Apache Accumulo Wikipedia Search Example
This project contains a sample application for ingesting and querying wikipedia data.
Though not strictly required, the ingest will go more quickly if the files are decompressed:
$ bunzip2 < enwiki-*-pages-articles.xml.bz2 | hadoop fs -put - /wikipedia/enwiki-pages-articles.xml
Configuration and Build
-----------------------
1. Copy ingest/conf/wikipedia.xml.example to ingest/conf/wikipedia.xml and change contents to specify Accumulo information
(For parallel ingest, instead copy ingest/conf/wikipedia_parallel.xml.example to ingest/conf/wikipedia.xml)

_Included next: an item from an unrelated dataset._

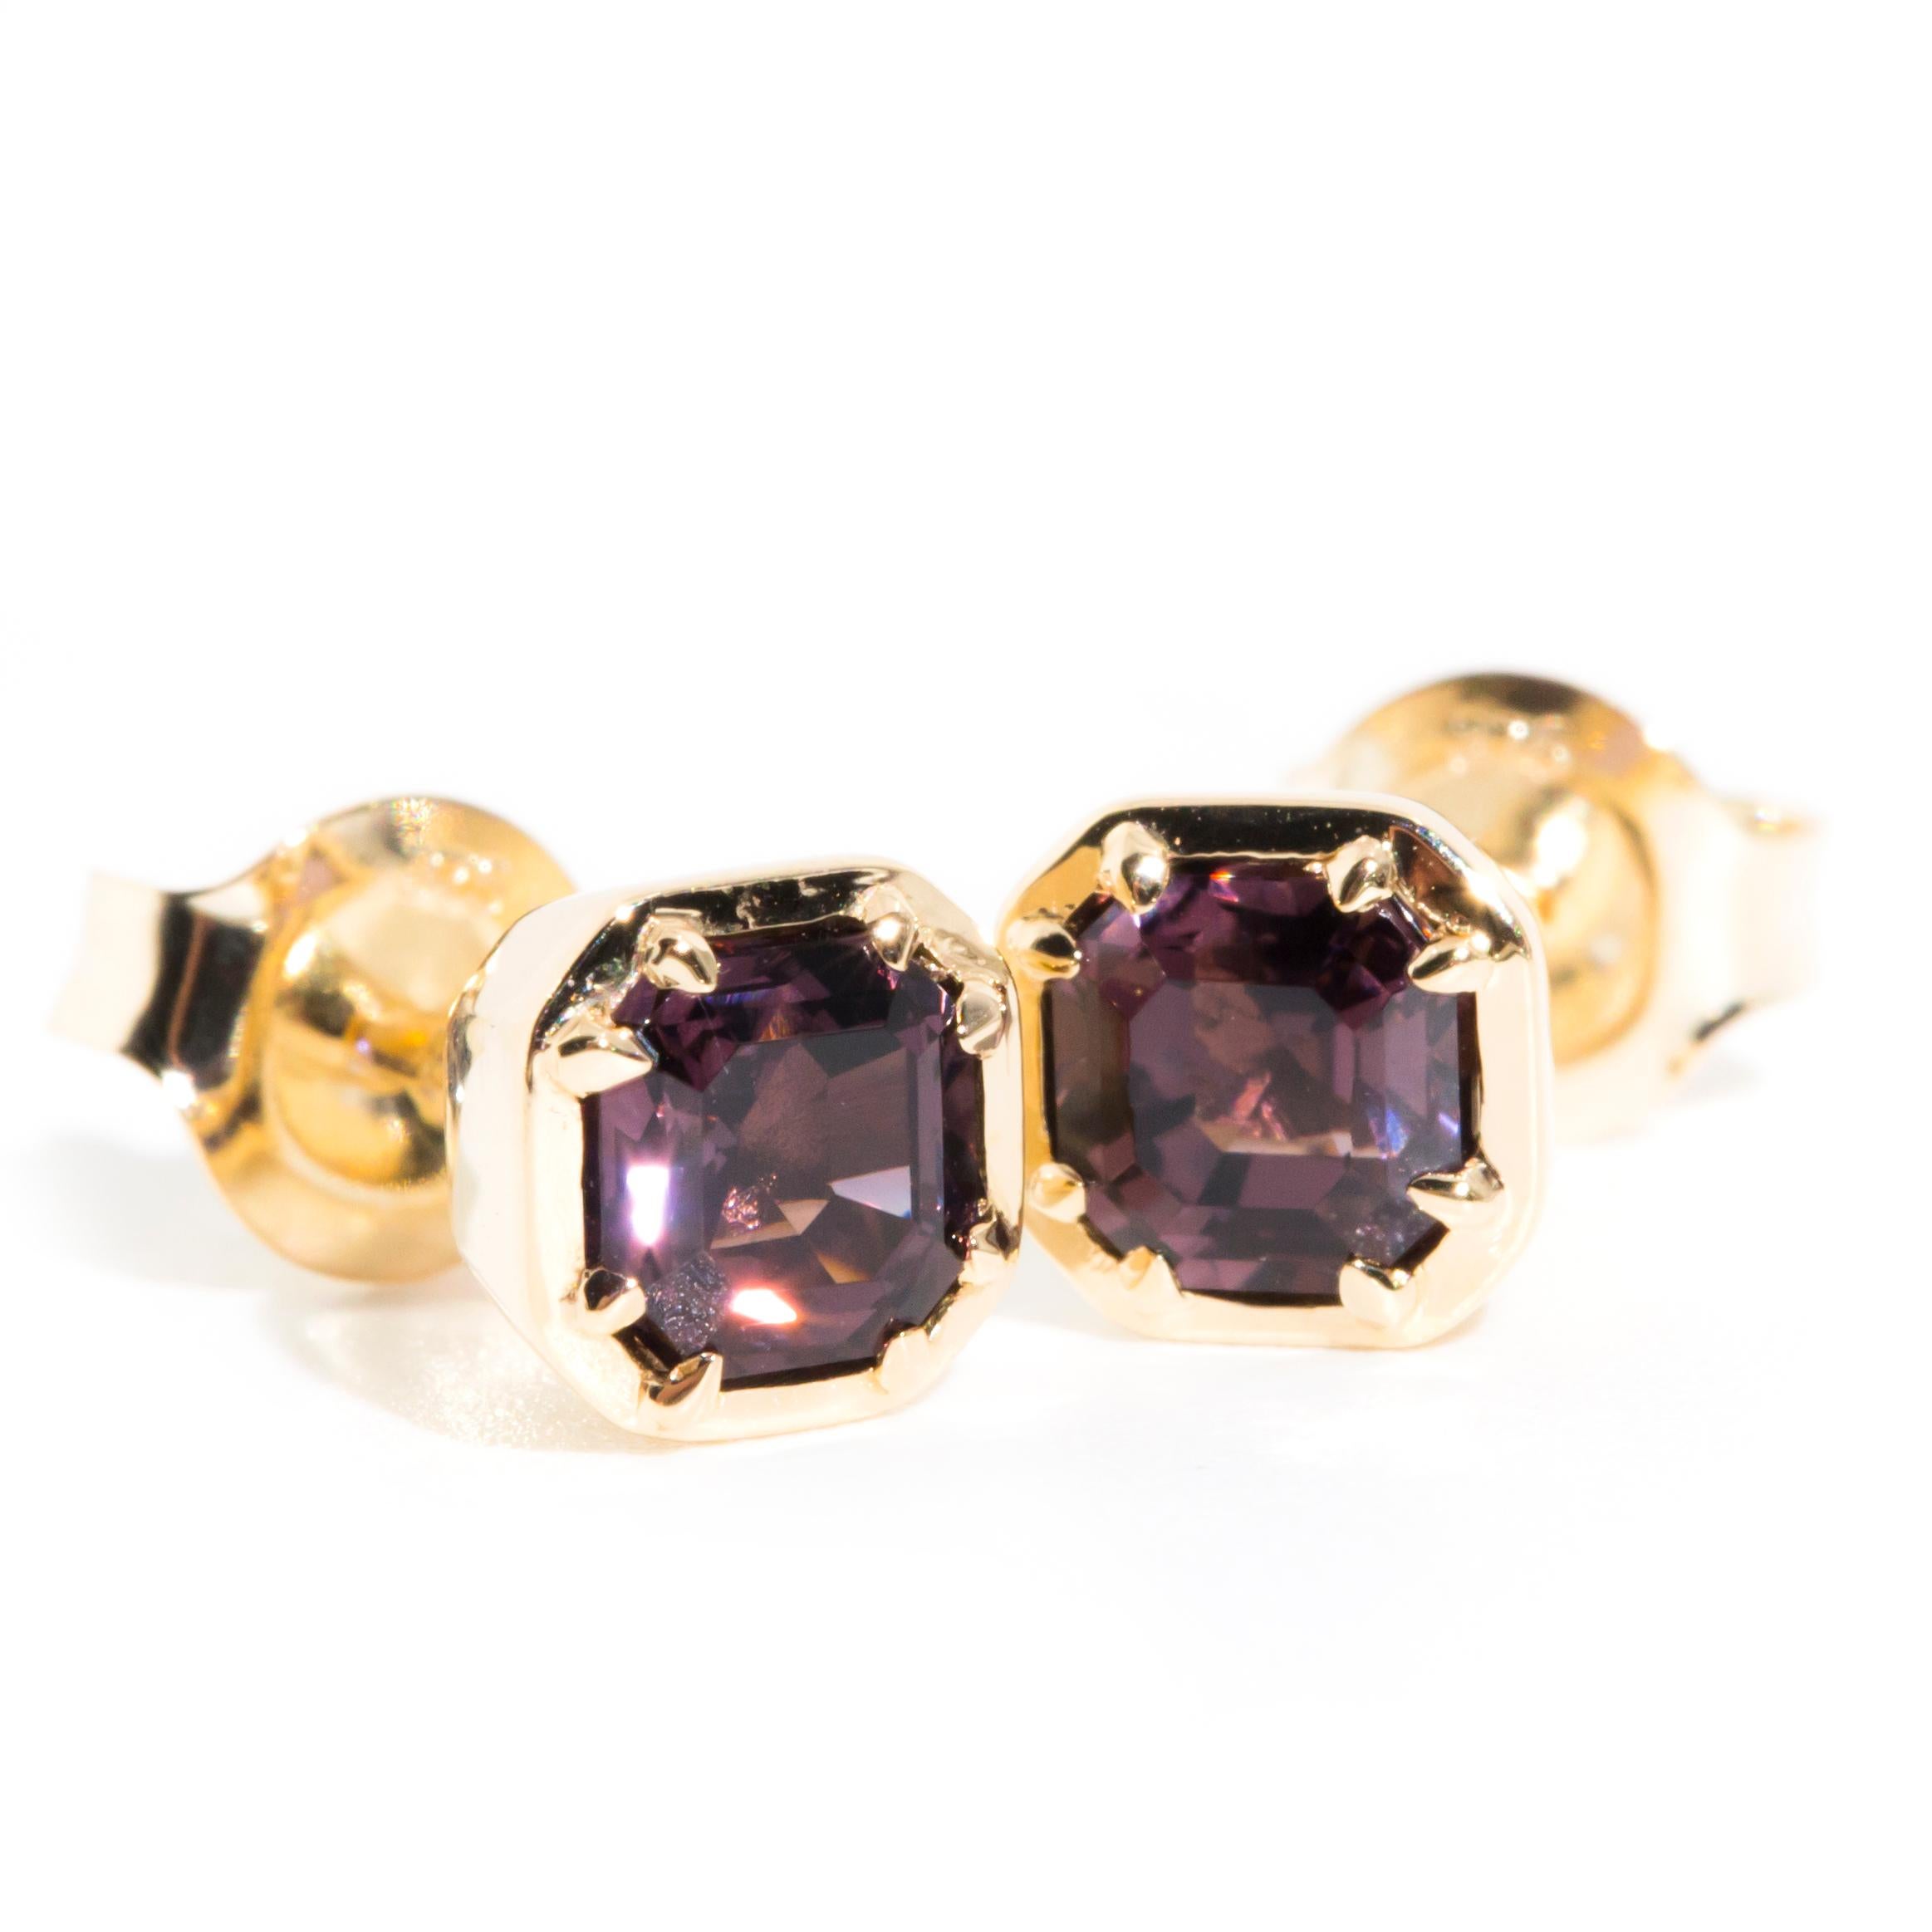 Asscher Cut Deep Pink Spinel Contemporary Stud Style Earrings in 9 Carat Yellow Gold For Sale

2. Copy webapp/src/main/resources/app.properties.example to webapp/src/main/resources/app.properties and change contents
as done in step 1.
3. From the wikisearch directory, run mvn package
Ingest
------
1. Copy ingest/target/wikisearch-ingest-*.tar.gz to cluster and untar
2. Copy lib/wikisearch-ingest-*.jar and lib/protobuf-java-*.jar to $ACCUMULO_HOME/lib/ext
3. Run bin/ingest.sh with one argument: the name of the directory in HDFS where the wikipedia XML
files reside, this will start a MapReduce job to ingest the data into Accumulo
(For parallel ingest, instead run ingest/bin/ingest_parallel.sh)
Query
-----
1. Copy the following jars to the $ACCUMULO_HOME/lib/ext directory from the query/target/dependency directory:
commons-jexl-*.jar
guava-*.jar
kryo-*.jar
minlog-*.jar
2. Copy query/target/wikisearch-query-*.jar to $ACCUMULO_HOME/lib/ext
3. Use the Accumulo shell and give the user permissions for the wikis that you loaded, for example:
setauths -u <user> -s all,enwiki,eswiki,frwiki,fawiki
4. cd into webapp and run mvn jetty:run
5. Open a browser and goto: http://localhost:8080/accumulo-wikisearch/
You can issue the queries using this user interface or via the REST url: <host>/accumulo-wikisearch/rest/query
6. Ctrl-C to stop the jetty container